A la trêve, juste après le match nul de son club contre Lens (2-2), Jean Tigana avait concédé qu’il était « très fatigué ». Un aveu troublant pour un entraîneur de haut niveau, qui avait mis un doute sur sa capacité à diriger une équipe aussi médiatisée que les Girondins. « Il faut regarder les choses avec un peu de recul, souligne Nicolas de Tavernost, l’actionnaire majoritaire des Bordelais. L’an dernier, nous avions de très bons joueurs et un très bon entraîneur avec Laurent Blanc. Pourtant, nous étions derniers dans la deuxième partie du championnat. Jean Tigana est un combattant. Comme tous les entraîneurs, il a la pression. Mais il est ambitieux et nous les sommes avec lui. »
Son ambition et sa santé, l’ancien membre du « carré magique » semble les avoir récupérées à quelques heures du choc de la 20e journée, entre l'OM et Bordeaux. « On l’a bien retrouvé, confirme Fernando. On a fait un bon stage à Rabat avec lui.

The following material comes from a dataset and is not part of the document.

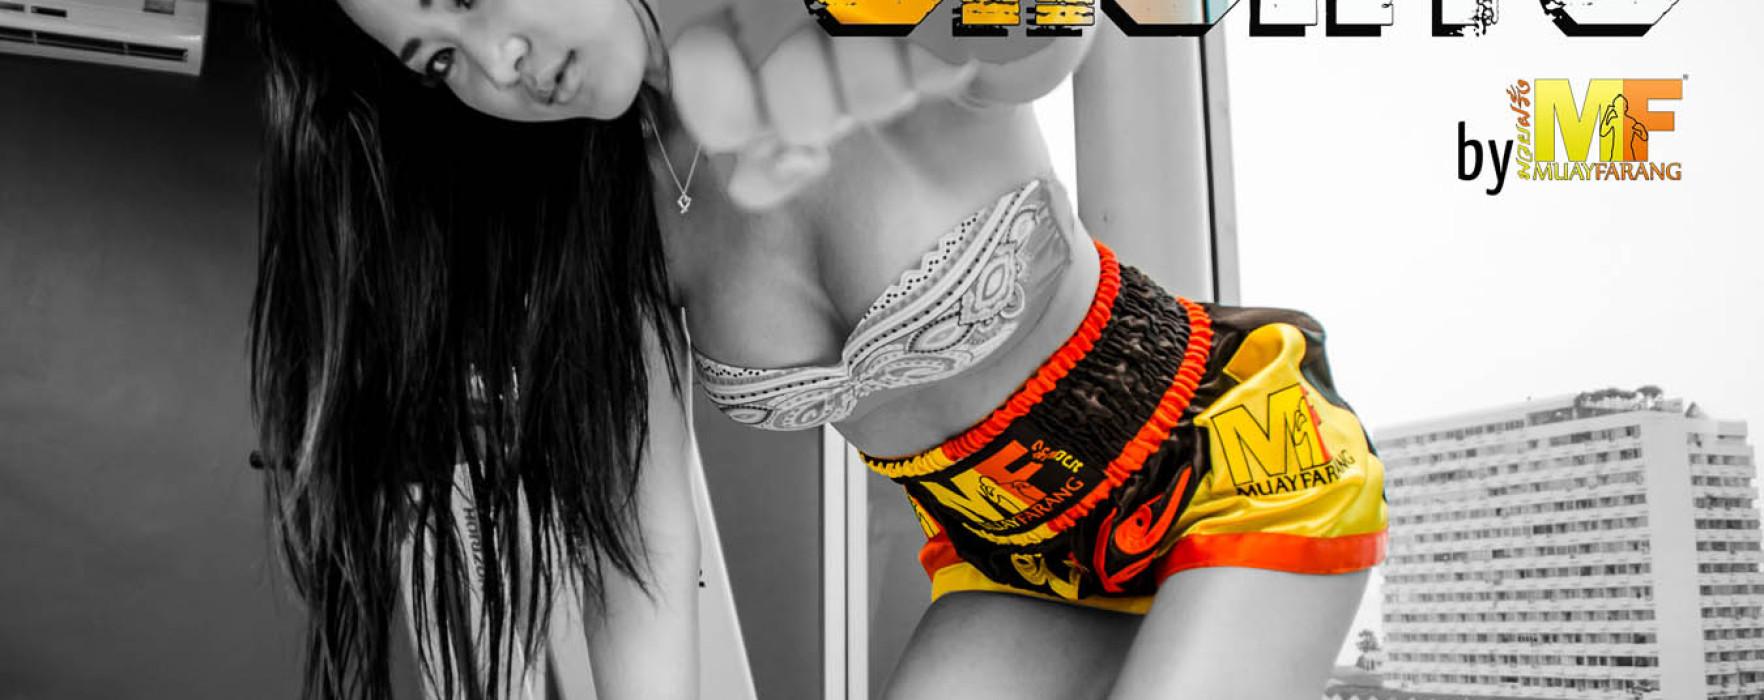 Muay Farang Catalog 2015

Il est en forme.» Preuve que l’ancien coach de Lyon, Monaco ou Fulham a décidé de débuter l’année sur de nouveaux rails, il est arrivé vendredi en salle de presse en costume et rasé de près. Pendant un quart d'heure (un record pour lui !), il s’est attardé avec humour et passion sur la deuxième partie de saison de son équipe.

« Chez moi, je suis le patron ! »

« La priorité, c’est la Ligue des champions, avance-t-il prudemment quand les journalistes l’interrogent sur le titre. Là, vous me mettez une échelle supplémentaire… » Et pour atteindre l'objectif de ses dirigeants, il n’a pas l’intention de mettre outre mesure la pression sur ses joueurs. « Comment voulez-vous leur mettre la pression ? Vous pouvez leur dire ce que vous voulez, mais des aboyeurs, j’en connais… Et ce qui compte, c’est le travail de tous les jours. »
Seul moment d’incertitude, pour le coach bordelais, la venue éventuel d’un renfort offensif, comme Kevin Gameiro, au cours de ce mercato. « Je n’impose rien, rappelle-t-il. Je suis dans le dialogue. S’ils (les dirigeants, ndlr) ont envie de faire un effort, ils le feront. S’ils n’en ont pas envie, je continuerai à travailler avec mes joueurs. Chez moi aussi je suis le patron. Mes employés peuvent suggérer, mais c’est quand même moi qui décide ! » Une piqûre de rappel qui ne peut pas faire de mal.